L Brands Inc. (LB) lost its elastic bull shape in the fall of 2015 and prices have been soft ever since. Even though prices have been reduced from $100 to just $35, the technical outlook for this retailer is not positive. Let's check to see how the charts and indicators look in the mirror of the fitting room this morning.
In this daily bar chart of LB, above, we can see a clear patter of lower lows and lower highs for the past 12 months -- the definition of a downtrend. Prices have spent most of the time below the declining 50-day moving average line as well as the slower-to-react 200-day line. Except for a pickup in April, May and June, the On-Balance-Volume (OBV) line has been pointed down, suggesting that sellers of LB have been more aggressive. In July and August we start to see a bullish divergence between the higher lows from the momentum study and the lower price lows. This two-month divergence may not be long enough to justify much of a rally.

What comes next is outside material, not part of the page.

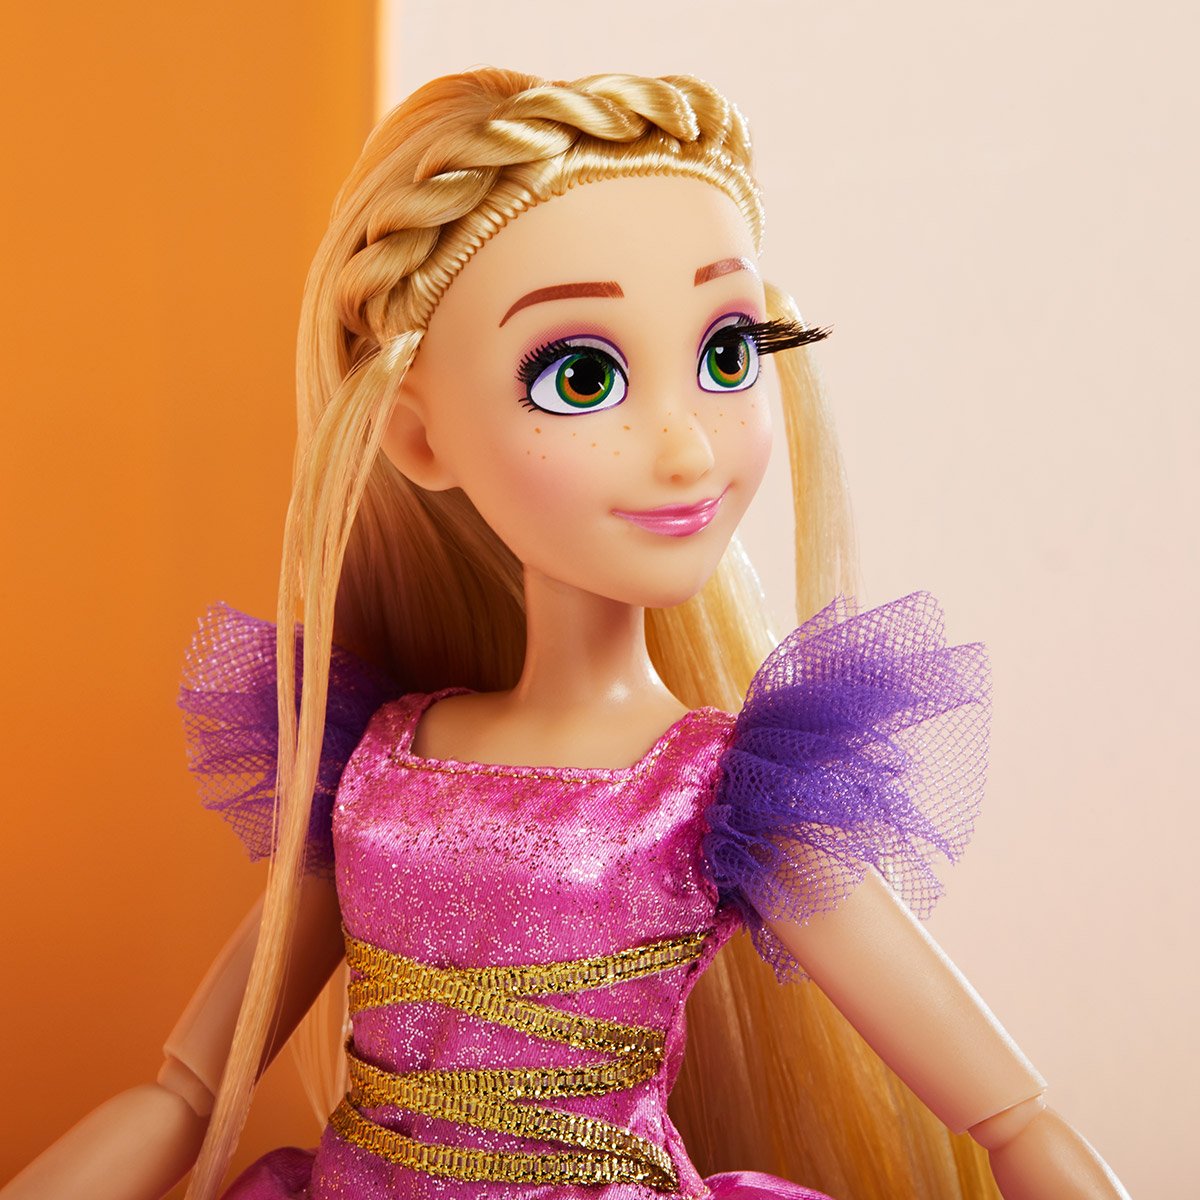 Disney Princesses - Poupée Raiponce longue chevelure - La Grande Récré

In this weekly bar chart of LB, above, we can see three legs to the downside. The first decline is from $100 to $60. The second decline is from $80 to $45 and the current and third decline started around $55. These three sell-offs may be enough to make the stock attractive to longer-term investors, but we have yet to see prices stabilize and begin any bottoming action. The weekly OBV line has been in downtrend since early 2015 and does not show any accumulation. There is a bullish divergence between the 12-week momentum study (lower panel) and the price action, but momentum is not a very good timing tool.
In this Point and Figure chart of LB, above, we can see both a long rally and a long decline. Prices are back to an old support area, but "old" is the key word as this zone of previous consolidation may not be meaningful to traders now. The chart also shows a potential long-term price target in the $18 area.
Bottom line: LB has been in a long-term downtrend and there are no strong signs that it has ended yet. This is probably not the time to try to pick a bottom.